Supplied information:
************

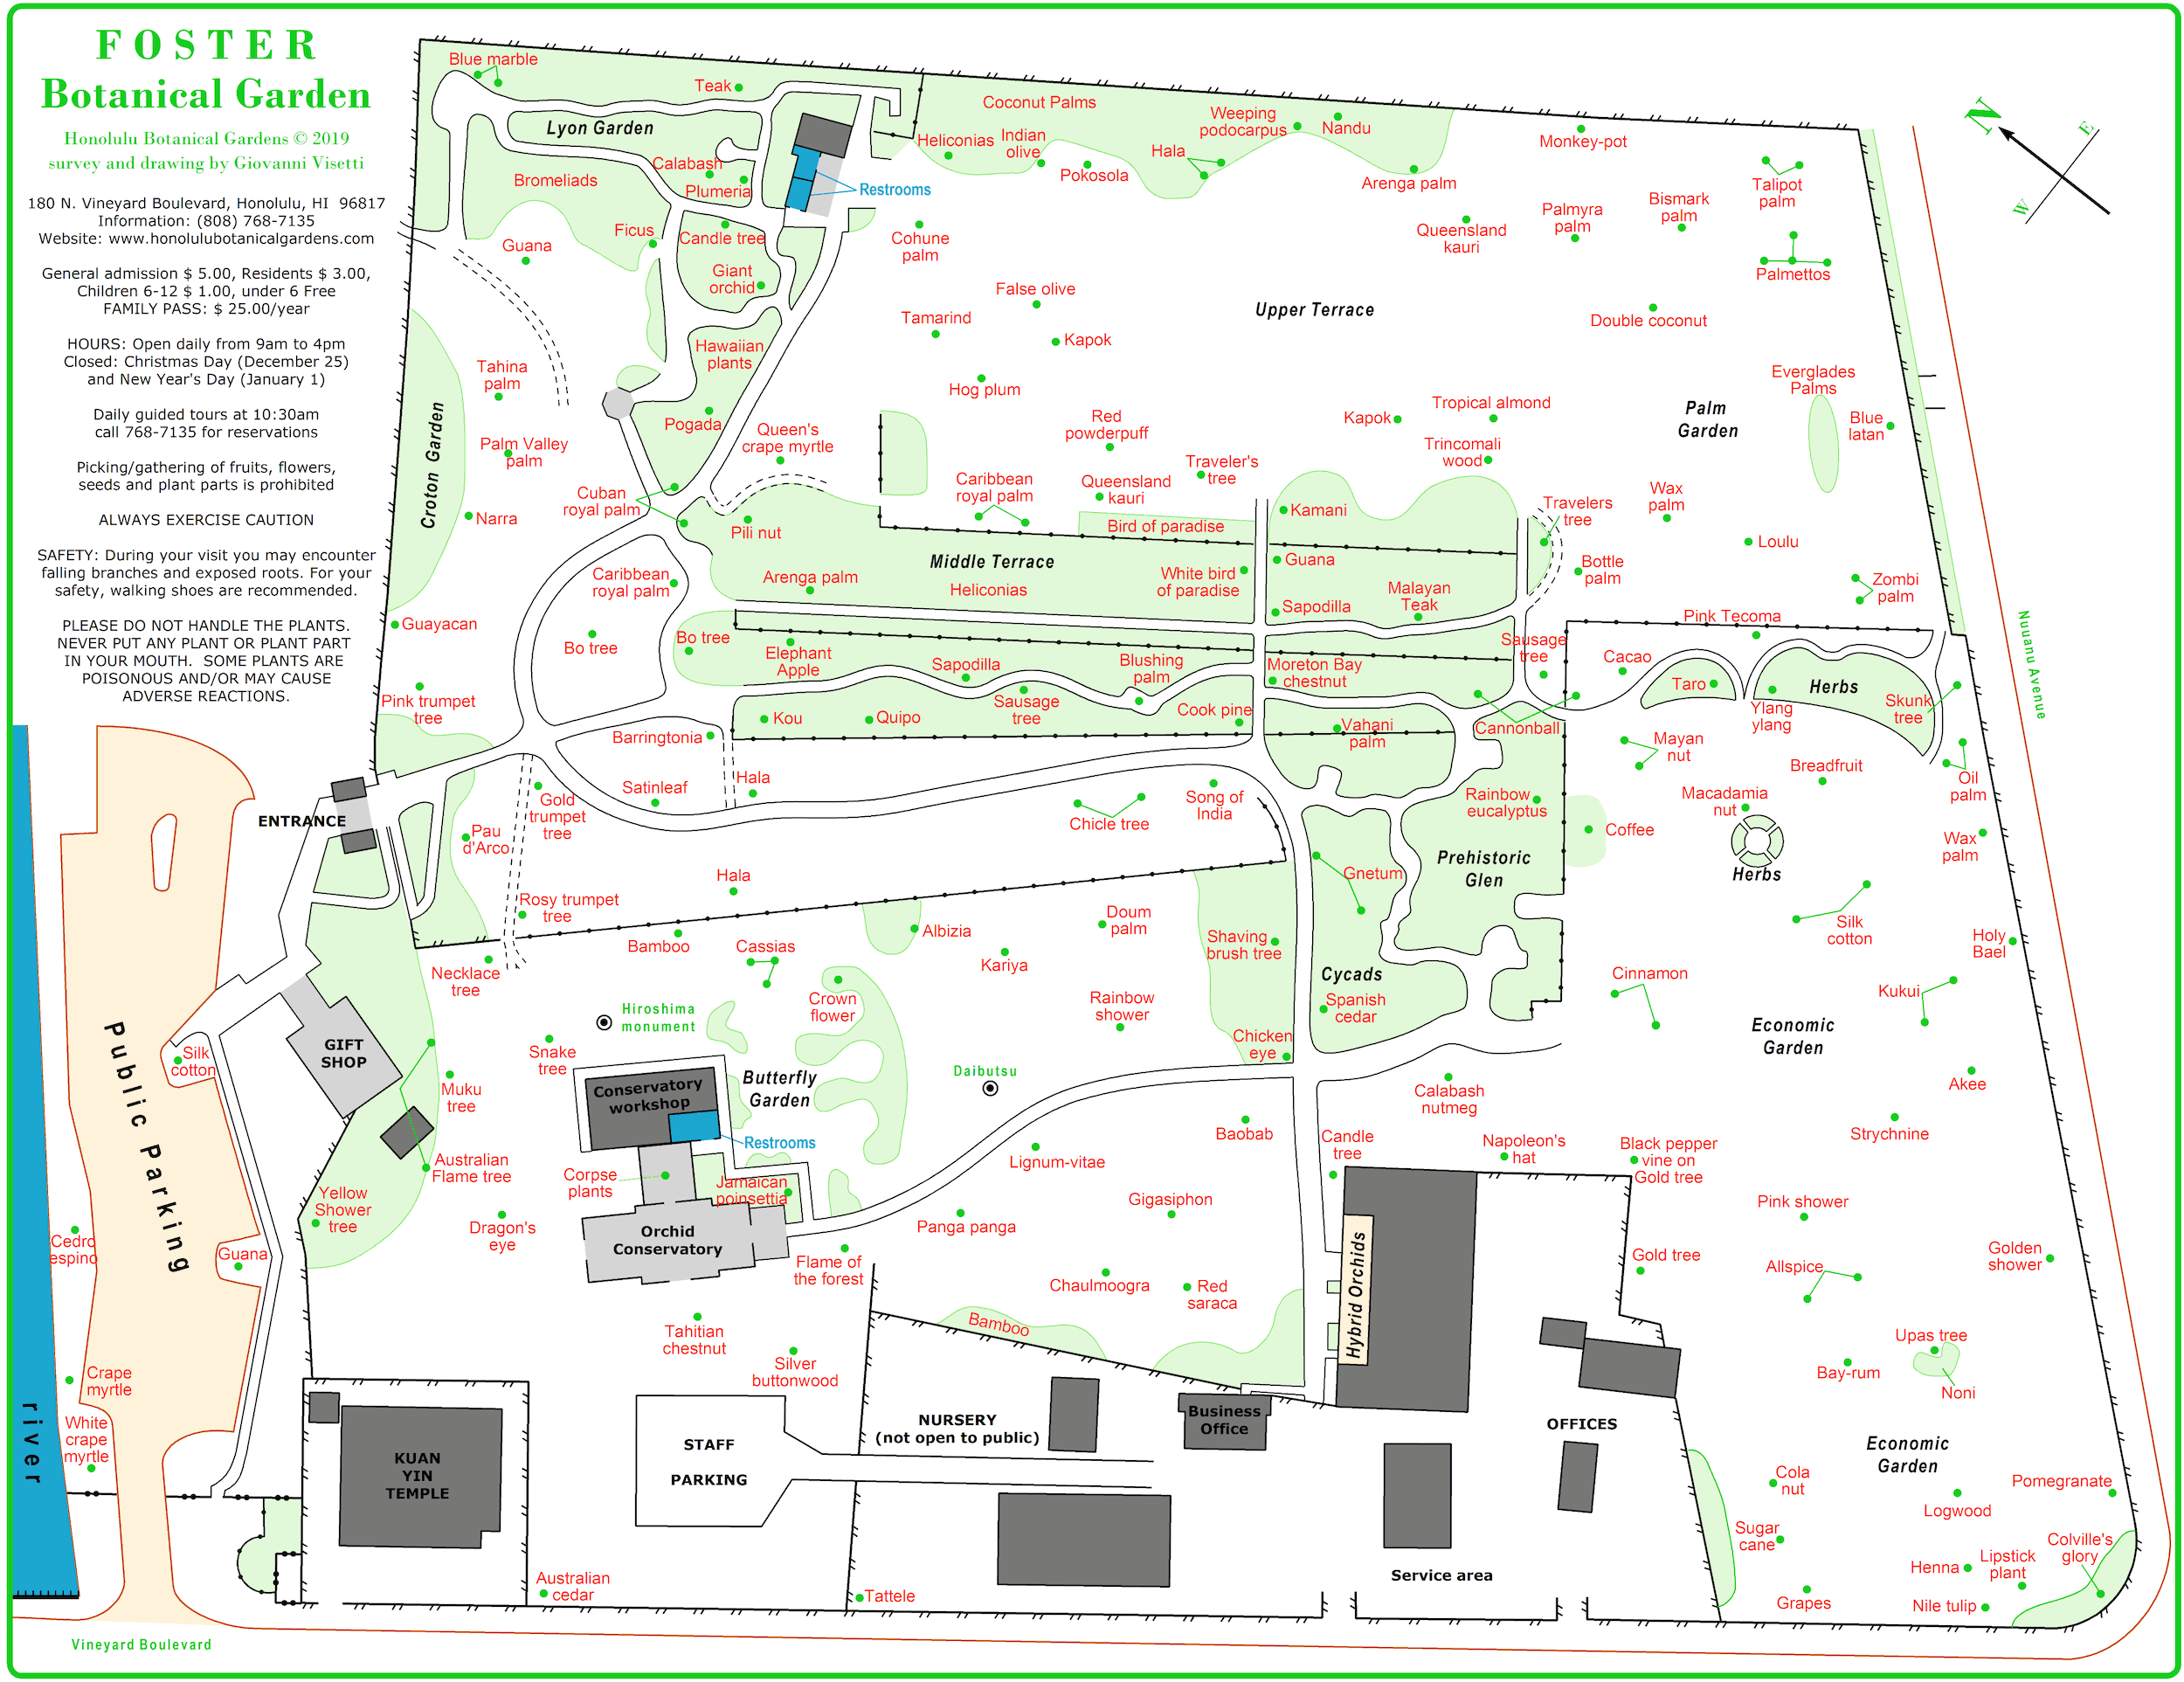 Map of Foster Gardens
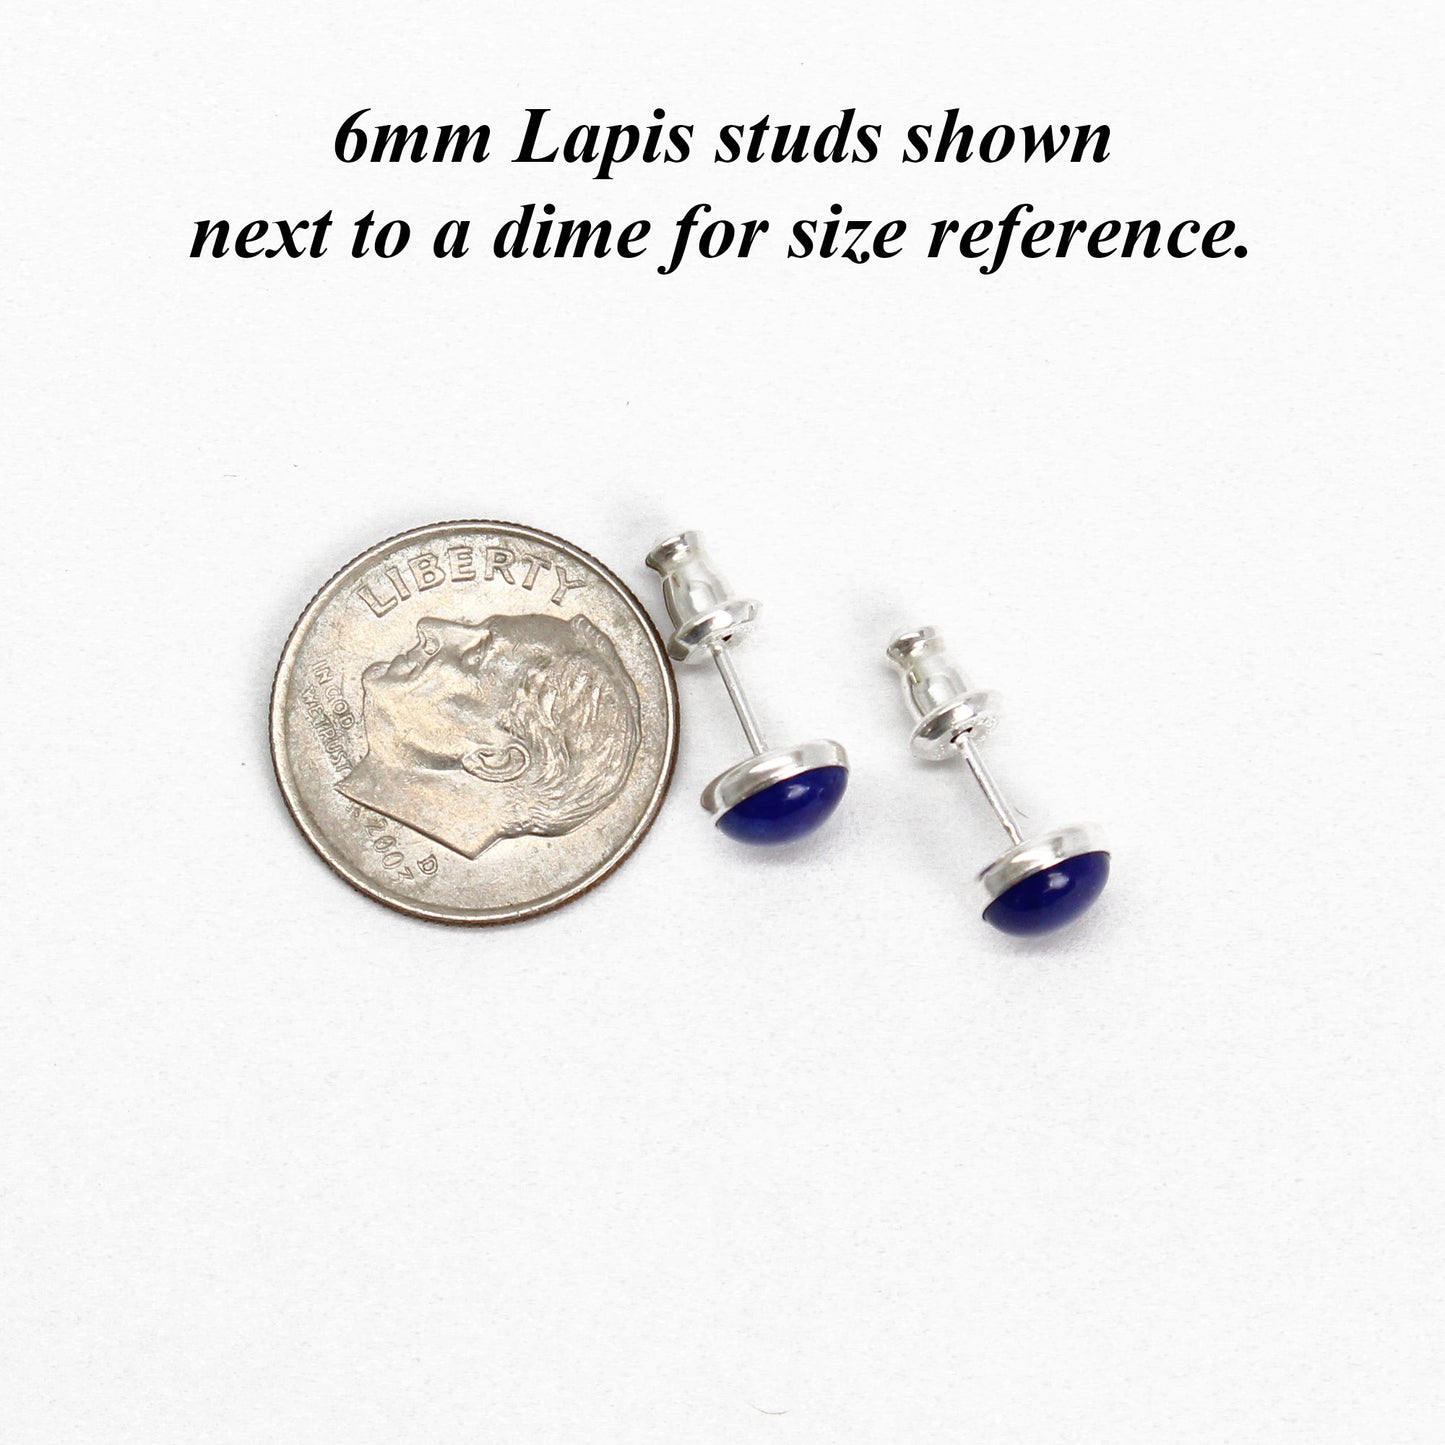 Lapis Stud Earrings, 6mm Small Dark Blue Studs in Sterling Silver or Gold Fill
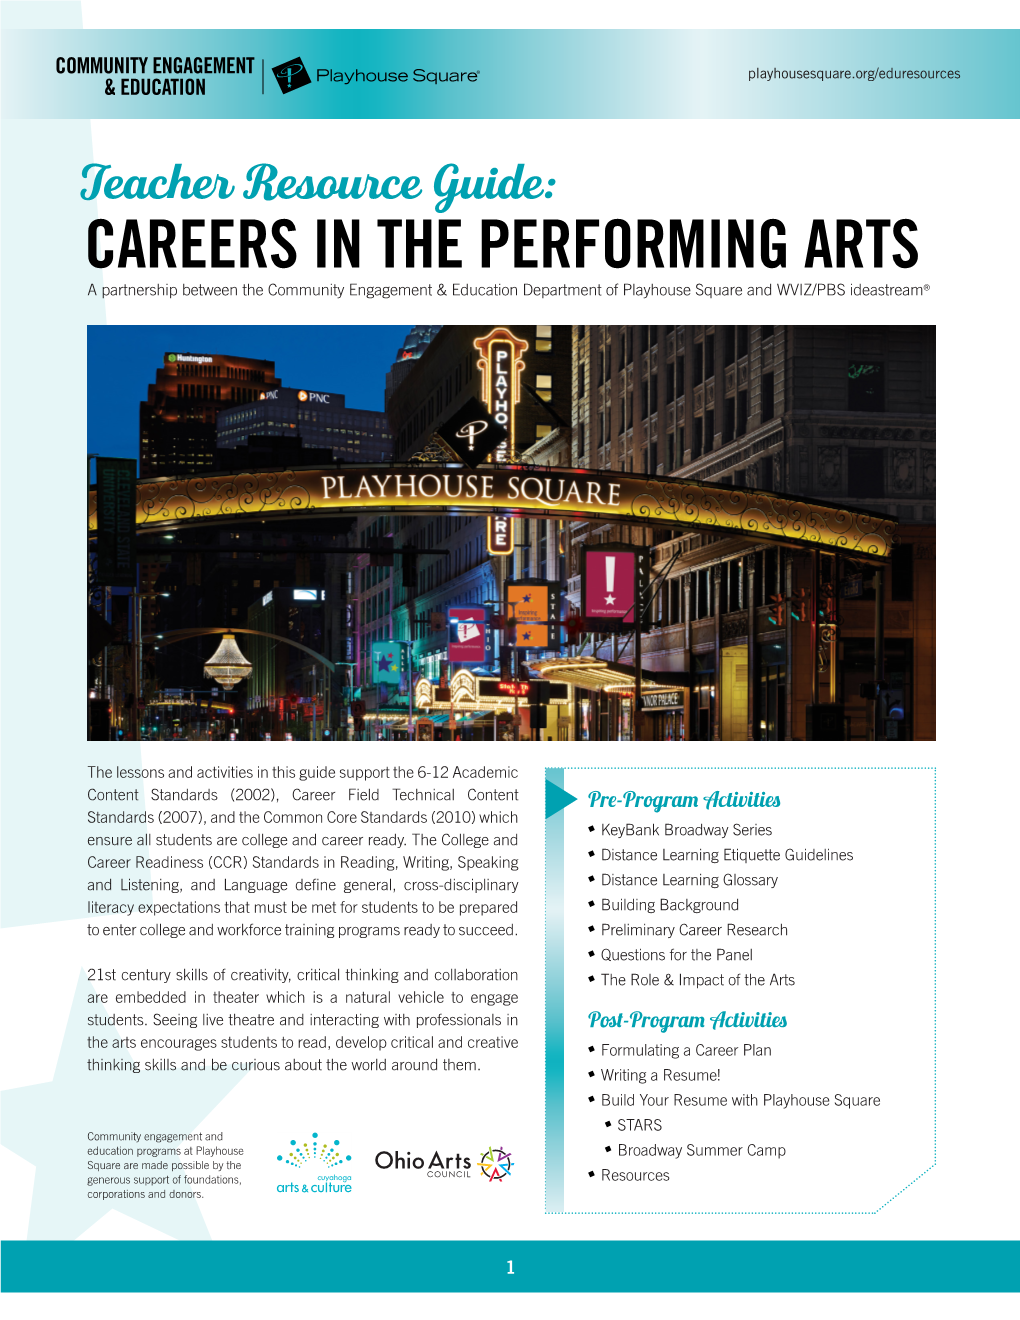 CAREERS in the PERFORMING ARTS a Partnership Between the Community Engagement & Education Department of Playhouse Square and WVIZ/PBS Ideastream®
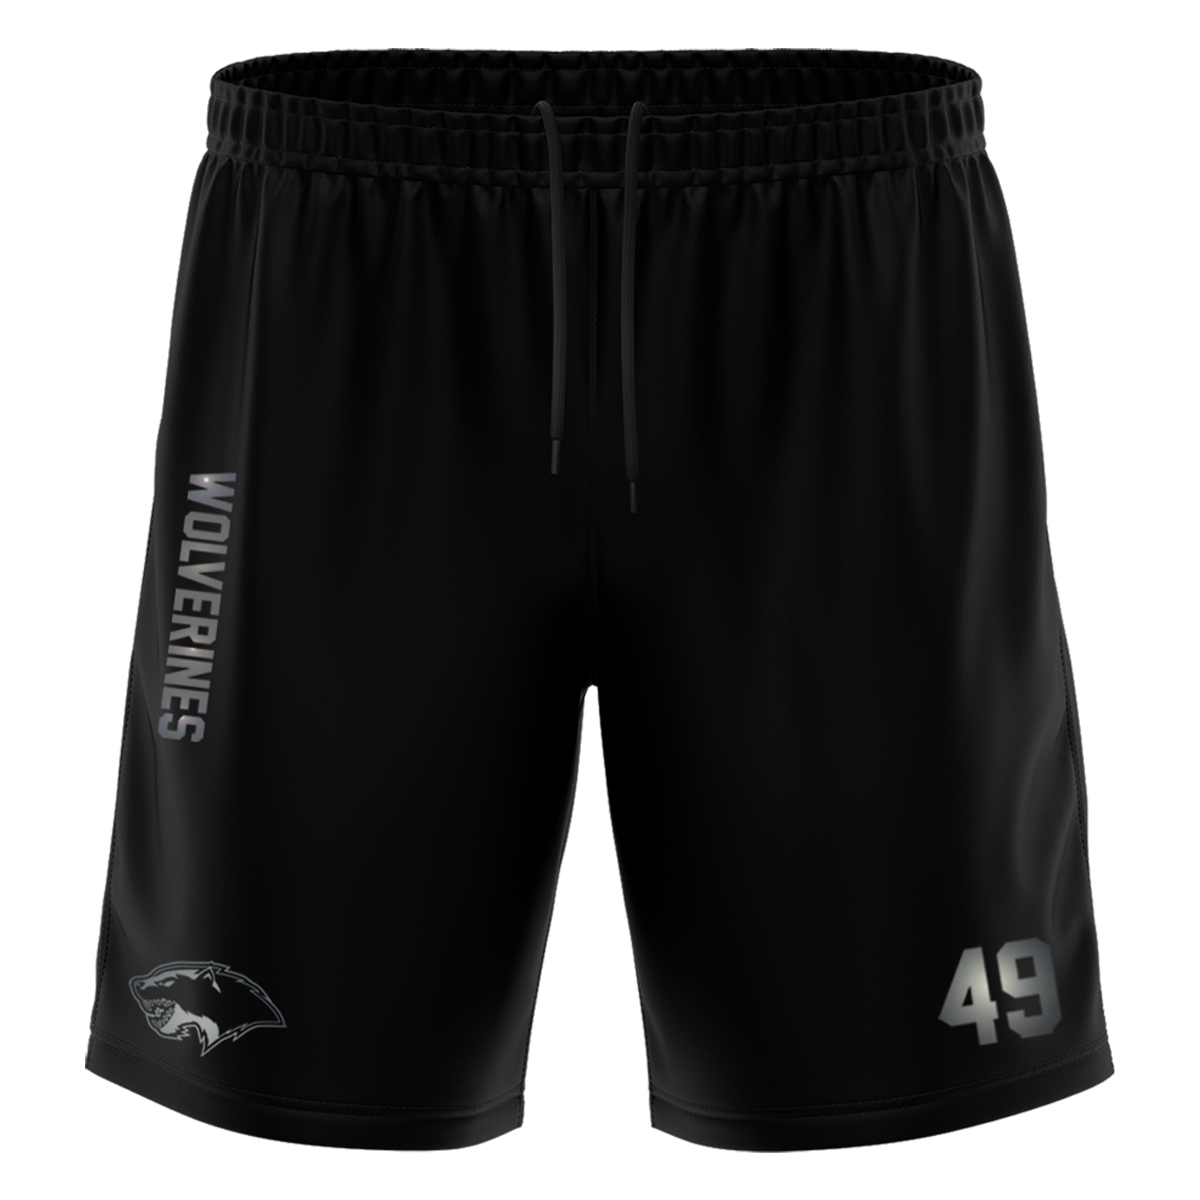 Wolverines "Blackline" Training Short with Playernumber or Initials

************

Action item: Output the data exactly. Pictures don't belong in the result.

Finished exercise:
 Map of Foster Gardens
 Lapis Stud Earrings, 6mm Small Dark Blue Studs in Sterling Silver or Gold Fill
 CAREERS in the PERFORMING ARTS a Partnership Between the Community Engagement & Education Department of Playhouse Square and WVIZ/PBS Ideastream®
 Wolverines "Blackline" Training Short with Playernumber or Initials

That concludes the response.